You’d think split-screening on a 10.1-inch screen would be cramped — and depending on the site, things can still be squished — but I’ve been able to work on a Duet just as well as any other Chromebook to cross my desk in the last two years. It’s not a powerhouse, but it’s enough for working all day and playing around at night while you wind down, which is all I really need out of the Duet.
The Duet was also the first to get the new tab strip for Chrome Browser in tab mode. This will come to all Chromebooks over time, and while it’s a slight adjustment, I’ll confess I’m a big fan of it — especially the way that pinned tabs become these small squares that are just the right size to tap without taking up too much of the strip.
Lenovo Chromebook Duet Where they cut corners
This is a $300 Chrome OS tablet that came with a kickstand and keyboard attachment in the box, so you know they had to pinch pennies somewhere. To that end, there is only one port on the Duet: a single USB-C port that’s only capable of 18W (9V/2A) charging and 1080p 30Hz video output (though you’ll get bumped down further to 720p 60Hz on most monitors).
There’s also no headphone jack and there’s no second USB-C port on the opposite side of the tablet the way we’ve seen on quite literally every Chromebook released in the last two years. 18W charging is annoying but manageable, especially since I can last 2-3 days on a charge even with 6-8 hours of use each day, but I really would have appreciated a second USB-C port.
Another small disappointment is the in-box charger, which is only 10W and uses a USB-C to USB-A cable. Do yourself a favor and leave that charger in the box as a “last resort” option. Instead, use any PD charger you already have in your home for regular top-ups. If you don’t have a Power Delivery charger already, this AUKEY 18W charger is the size of a quarter and will charge the Duet — and pretty much every modern smartphone — at top speed for the price of a large pizza.
Lenovo Chromebook Duet You should buy it
Lenovo brands the Lenovo Duet as a device that can do it all: it can work hard when you need it but gets out of the way when you just want to play games or watch movies. In experience, I’m not sure how many of us would want to use a 10.1-inch screen as our primary computer, but the Duet can hack it for my work — answering emails, research, writing, and photo editing — and I bet it can hack it for yours, too.
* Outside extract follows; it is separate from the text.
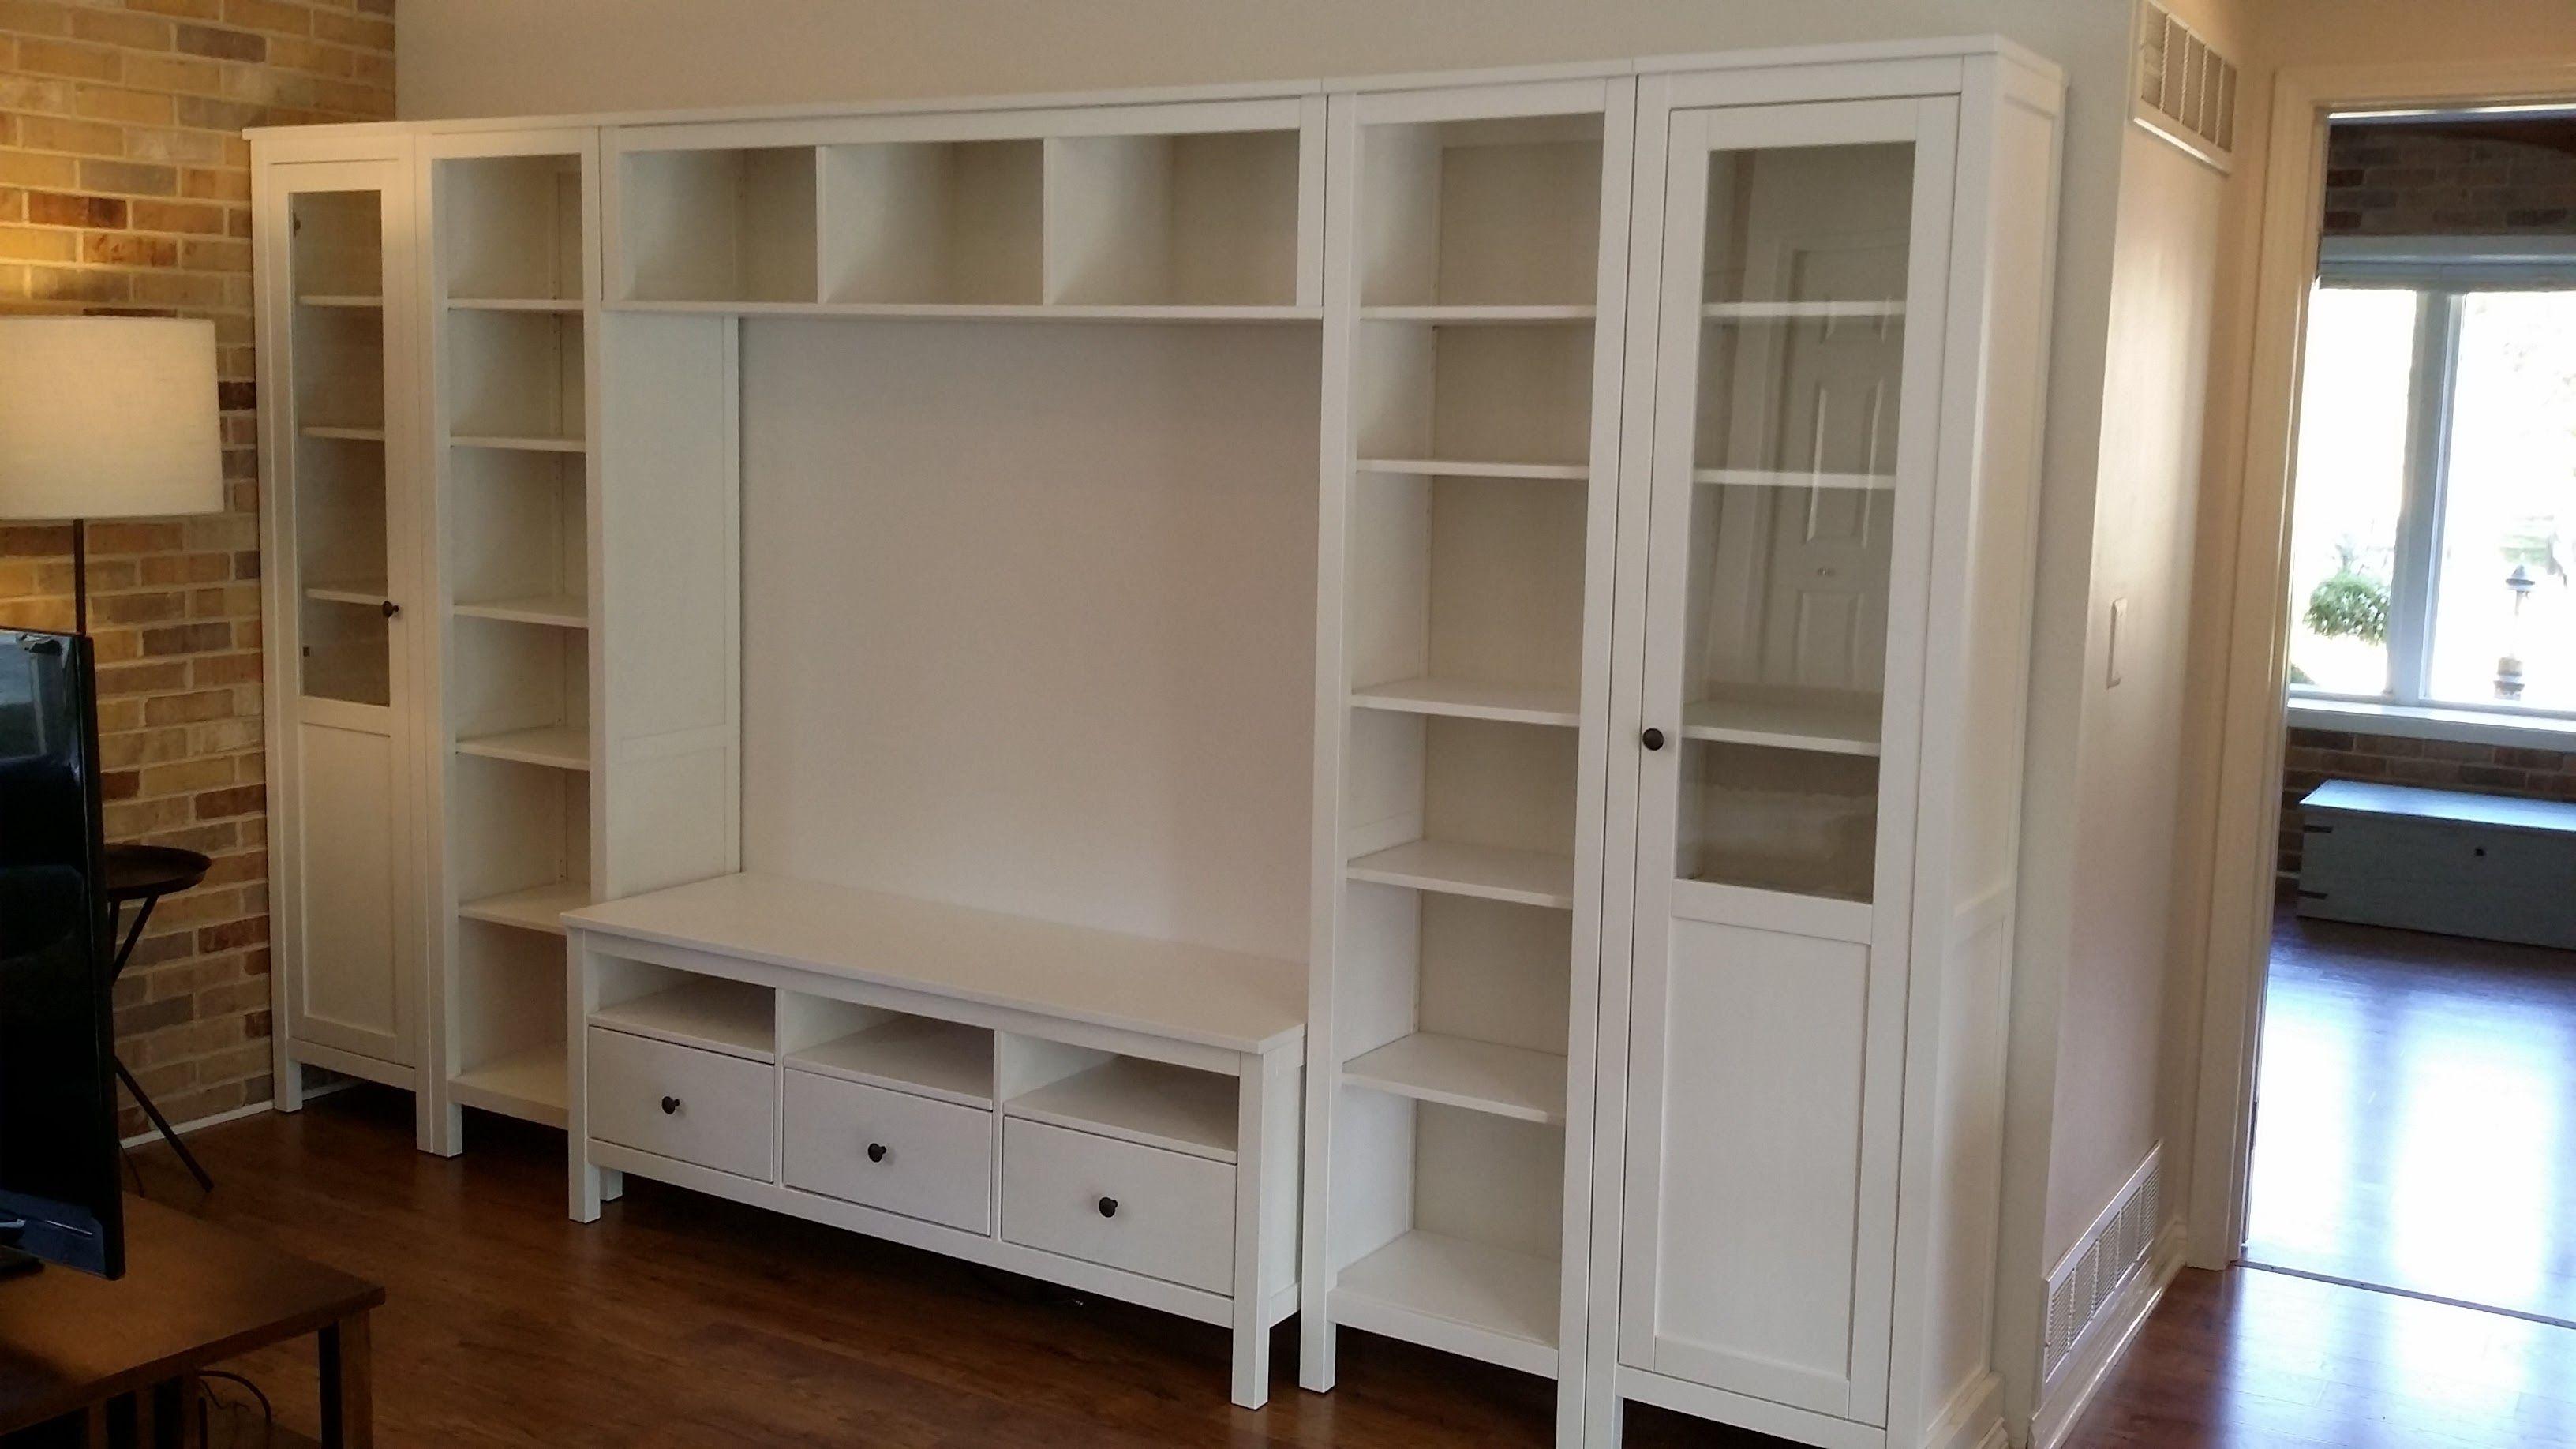 2 ikea hemnes cabinets with panelglass door 1 on each

Just grab yourself a full-size keyboard for when you’re using it at your desk.
Where the Duet really shines is as a companion device, as a tablet that you can use while the kids are hogging the family computer or you’re in the backyard away from your desktop. The Duet is a battery-sipping beauty that may not be the sleekest or shiniest tablet around, but it’s certainly the most practical tablet out there. In 2020, that’s exactly what we need.
Chrome OS offers you a desktop-grade experience when you need to VPN into work for a quick report or knock out a few dozen emails while you wait for everyone to assemble for movie night, and it offers up battery life that stands out even among Chromebooks. While it’s not completely perfect, it comes pretty damn close for $300, and with it getting eight years of regular updates — something no Android tablet has ever been to match even half of — this is a tablet that can go the distance and is absolutely worth bringing home for a test drive.
Jack of all trades
Lenovo Chromebook Duet
Part laptop, part tablet, all Chrome OS awesome.
With battery for literal days and the best experience we’ve seen from a Chrome OS tablet to date, the Duet finally gives us the kind of Google tablet we’ve wanted for a decade.